DBRS Morningstar anticipates that revenues in 2020 will fall somewhat despite a projected recovery in sales volumes. The impact of the Coronavirus Disease (COVID-19) pandemic has not yet materially affected potash demand or the Company’s operations. Activity through Q1 2020 was strong, and there was no change in the Vancouver potash spot price in April 2020, remaining unchanged from January 2020. As an essential good that can be transported without significant need for human interaction, Canpotex expects the impact of the pandemic on its operations to be relatively modest. Overall, DBRS Morningstar projects a weakening of the DBRS Morningstar revenue-to-total expense ratio metric in 2020, but at well over 3x, DBRS Morningstar expects Canpotex’s financial risk profile to remain very robust.
A greater-than-expected coronavirus impact, escalating global trade frictions and the volatile potash markets, could negatively affect the Company’s performance. DBRS Morningstar is not considering a negative rating action, unless there are any material changes in the Company’s structural business strengths.
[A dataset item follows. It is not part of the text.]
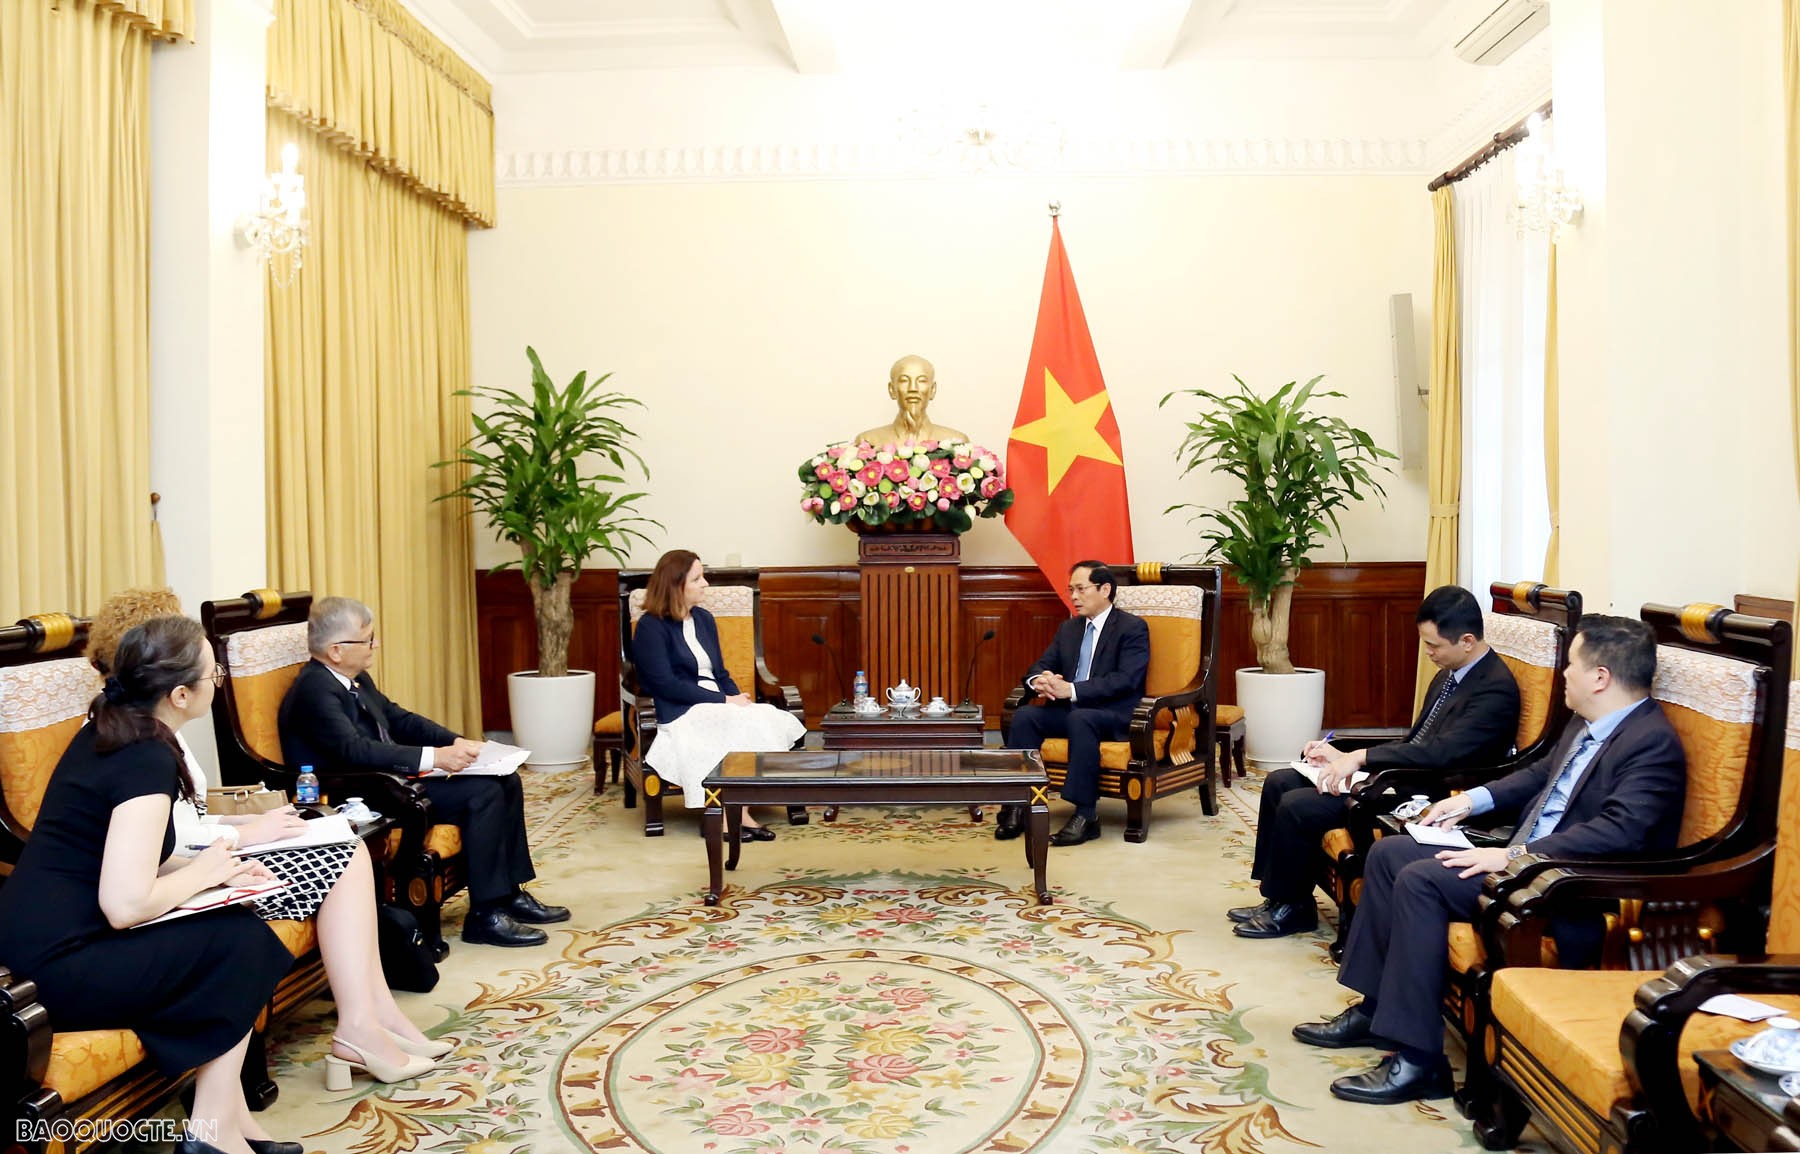 FM Bui Thanh Son received Polish Undersecretary of State to strengthen multifaceted ties

DBRS Morningstar is also not considering a positive rating action for the foreseeable future.
A description of how DBRS Morningstar considers ESG factors within the DBRS Morningstar analytical framework and its methodologies can be found at: https://www.dbrsmorningstar.com/research/357792.
All figures are in U.S. dollars unless otherwise noted.
The principal methodologies are the General Corporate Methodology: Appendix 1 — Canpotex Limited (April 24, 2020), DBRS Morningstar Criteria: Rating Corporate Holding Companies and Parent/Subsidiary Rating Relationships (November 25, 2019), and DBRS Morningstar Criteria: Guarantees and Other Forms of Support (January 22, 2020), which can be found on dbrsmorningstar.com under Methodologies & Criteria.
For more information regarding rating methodologies and Coronavirus Disease (COVID-19), please see the following DBRS Morningstar press release: https://www.dbrsmorningstar.com/research/357883.
The related regulatory disclosures pursuant to the National Instrument 25-101 Designated Rating Organizations are hereby incorporated by reference and can be found by clicking on the link under Related Documents or by contacting us at email@example.com.
The rated entity or its related entities did participate in the rating process for this rating action. DBRS Morningstar had access to the accounts and other relevant internal documents of the rated entity or its related entities in connection with this rating action.
Generally, the conditions that lead to the assignment of a Negative or Positive trend are resolved within a 12-month period. DBRS Morningstar trends and ratings are under regular surveillance.